About half of the proteins negatively correlated with AGP (i.e., that decline in relative abundance with inflammation) are also considered hepatic proteins released into the bloodstream, but more involved in transport and metabolism of nutrients and small molecules (e.g., RBP4 and TTR for vitamin A; apolipoproteins A1/A2/H/M for lipid or cholesterol transport and metabolism; and AHSG for calcium and phosphate metabolism), sex hormone and growth factor binding (e.g., SHBG and IGFALS) or serine endopeptidase or proteinase inhibition in regulating blood coagulation and complement cascades, among other roles. Other negative correlates are physical constituents of the extracellular matrix (ECM), including collagens [e.g, collagen types VI α1 and 3 (COL6A1, COL6A3)], glycoproteins, glucosaminoglycans and bone matrix proteins. Proteins known to facilitate interaction between cells and ECM are aminoproteinases/peptidases (e.g. PCOLCE and PEPD), protease inhibitors (e.g. TIMP2) and numerous cell-cell or cell-matrix adhesion molecules (e.g. CDH5 and ANTRX1).
Discussion
This study provides evidence of a population plasma inflammasome, defined in relation to the continuous distribution of an established biomarker of inflammation, α-1-acid glycoprotein. We virtually ensured identification of nearly 100 plasma proteins associated with AGP by applying a stringent family-wise error rate threshold of 0.1%. Approximately three-quarters of the same proteins were similarly correlated with a second acute phase reactant in plasma, CRP. Study children in rural Nepal were undernourished, similar to many child populations in rural Asia, but were active and not acutely ill, with only 14% reporting any illness symptom in the previous week. As such, the set of proteins observed to covary with AGP can be inferred to reflect homeostatic control of inflammation within the environment of this typical South Asian rural setting.
Positive plasma inflammasome proteins exhibited stronger associations with AGP and greater variation in their degree of change per unit difference in AGP concentration than negatively associated proteins, possibly reflecting higher metabolic priority and functional specificity. In addition to established acute phase proteins, our quantitative proteomics approach identified numerous intracellular signaling, membrane-bound, and extracellular matrix molecules not widely regarded as acute phase reactants, appearing to reflect a systemic repertoire of proteins that respond to inflammation.

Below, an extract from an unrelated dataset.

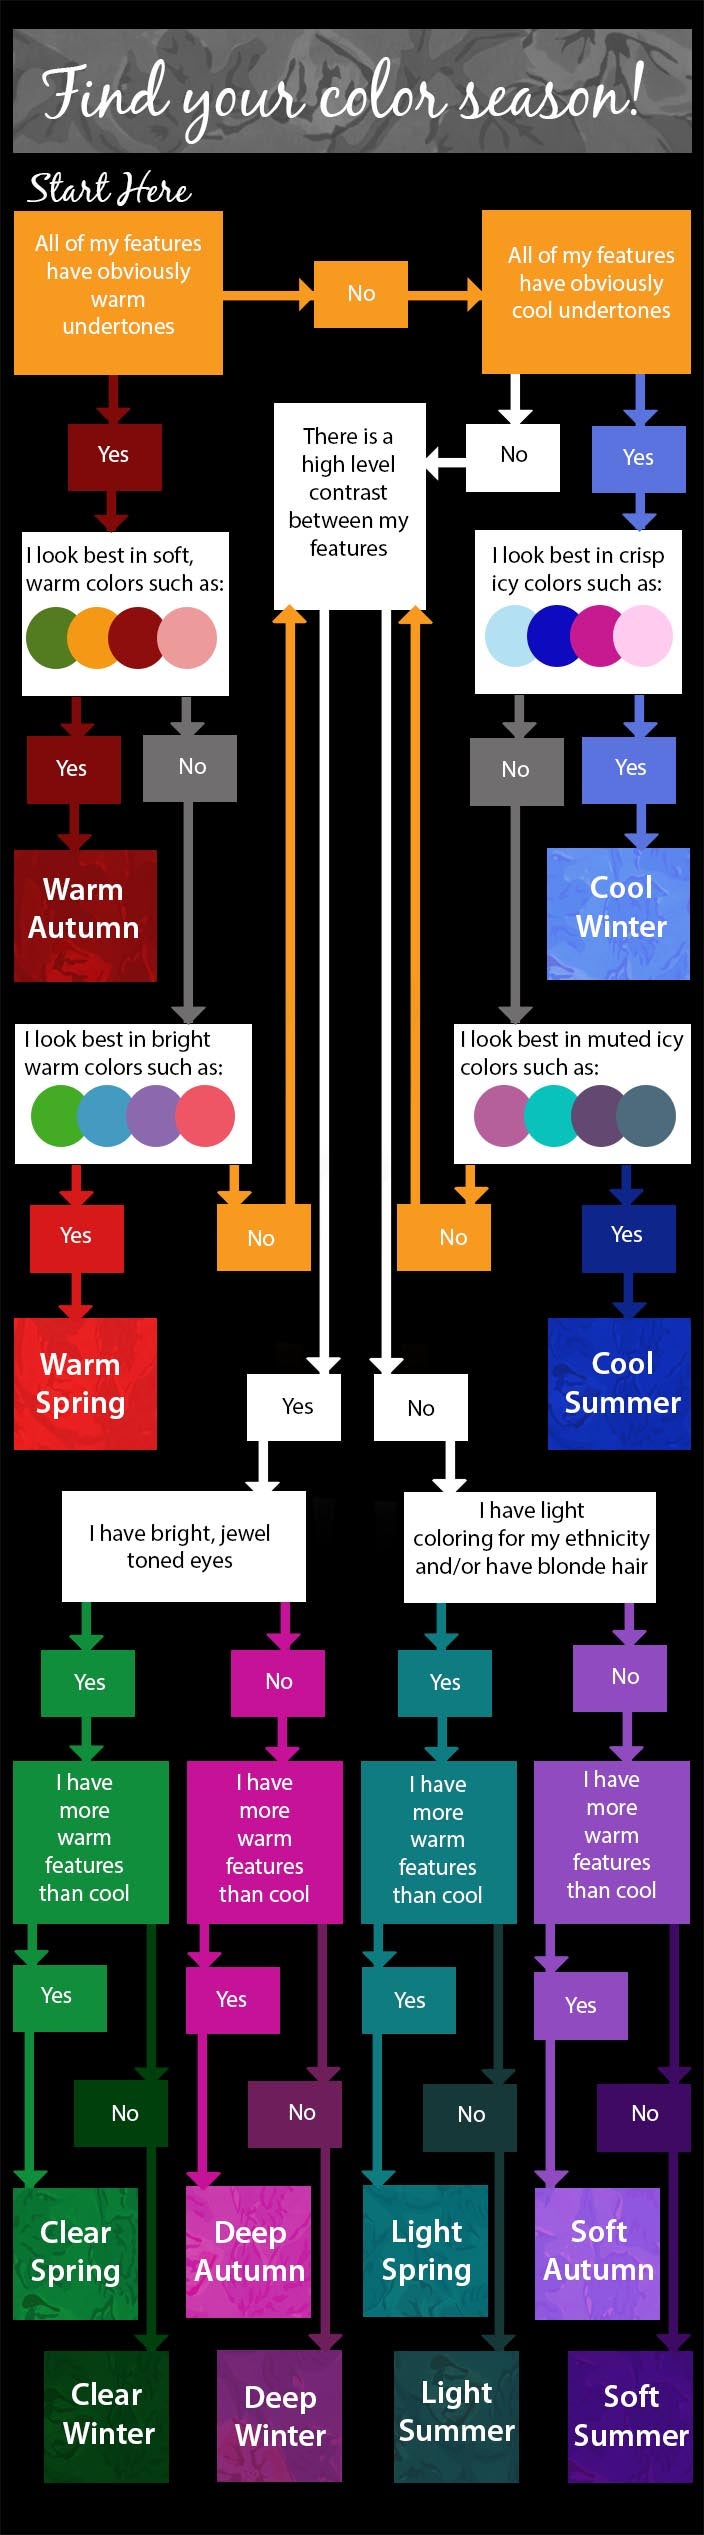 color-season-chart_1.jpg
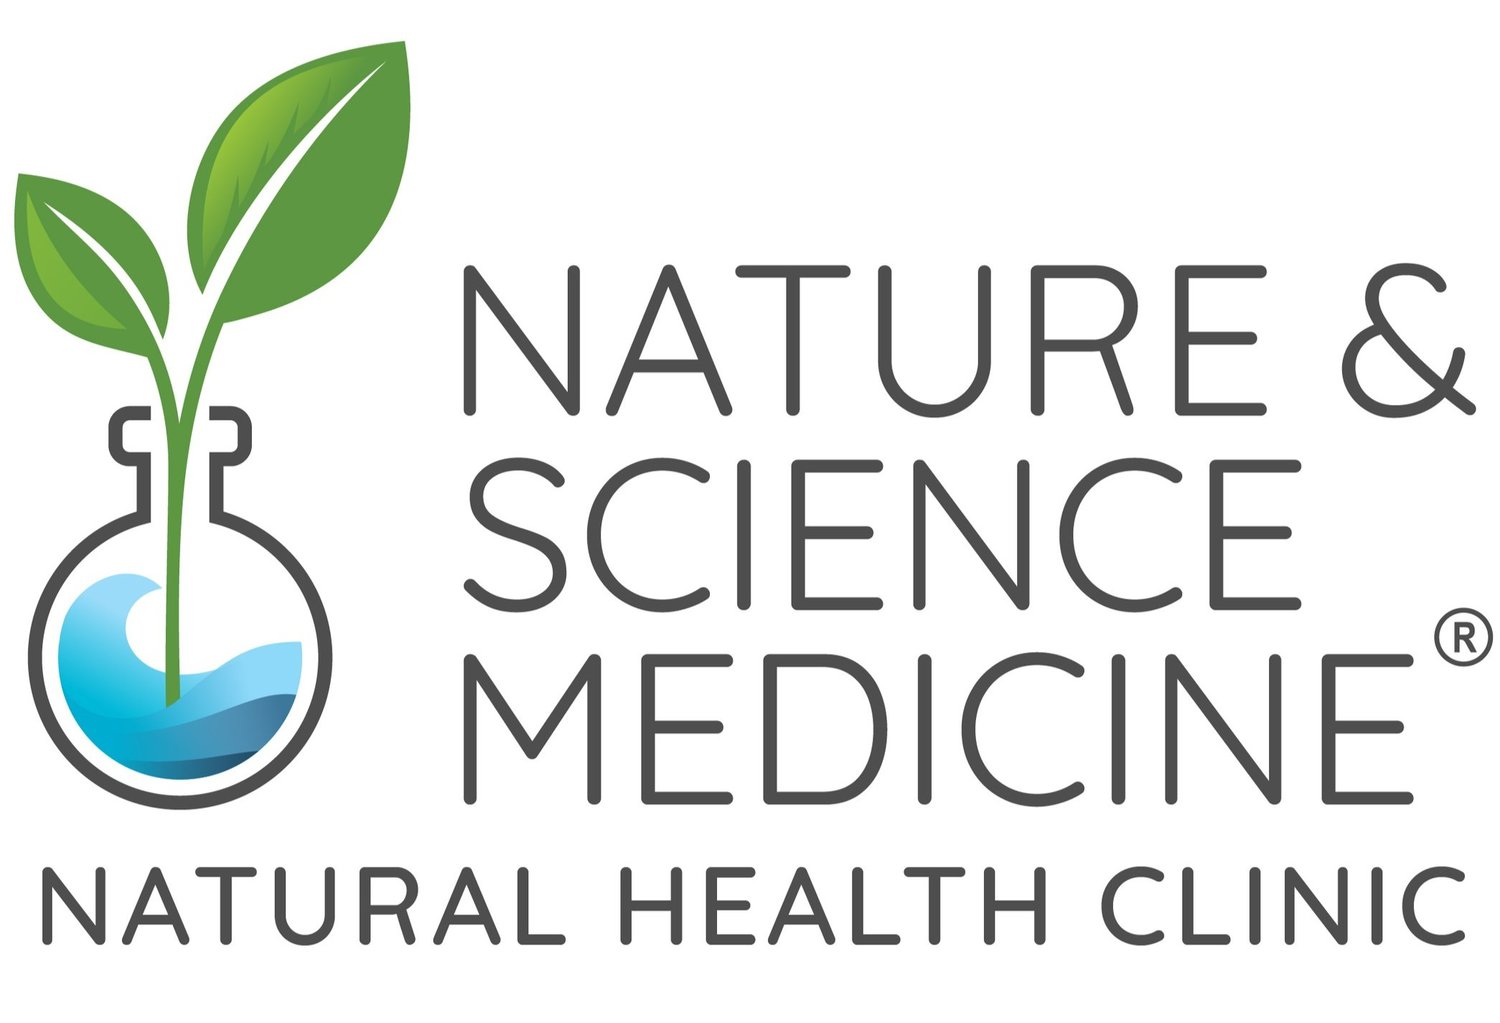 Nature & Science Medicine®

Acute phase proteins, complement components, protease inhibitors and transport proteins with anti-oxidant activity positively covaried with plasma AGP, in accordance with their expected roles in responding to stress [1]. Many of these biomarkers are produced in the liver and secreted into plasma [10]. As AGP abundance in plasma is attributable to expression of homologous ORM1 (AGP1) and ORM2 (AGP2) genes [42], ORM1 and ORM2 were expected, and observed, to be among the strongest correlates of AGP (measured by radial immunodiffusion), offering evidence that mass spectrometry is a valid method to detect and quantify relative protein abundance. LRG1, HP, SERPINA3, CRP, SAA1, C9, and LBP were positively associated with AGP (all P <1.0x10-25), suggesting these proteins increase in circulation during inflammation [10]. Substantial variation in the strength of association with AGP likely reflects wide differences in expression across acute and chronic phase proteins [43–45]. It is likely that rises in complement components, LRG1 and SERPINA3 reflect a persistent inflammation that accompanies a modest elevation in AGP where exposure to parasites, bacteria [46–48] and environmental toxins, such as aflatoxin and arsenic, are common [49, 50]. Positively associated proteins we observed are known to largely be involved in immune activation (e.g., CRP, SAA, LBP, and complement components), proteolytic attack processes (SERPINA3, SERPING1, and SEPRIND1), and transport of pro-oxidative metabolites (CP and HP) [44]. ORM1/2 and LRG1 are involved in immunomodulation and granulocyte differentiation, respectively, although their molecular roles have not been fully elucidated [51–53]. Collectively, our results suggest that hepatic-driven proteins that positively covary with inflammation are involved in host defense.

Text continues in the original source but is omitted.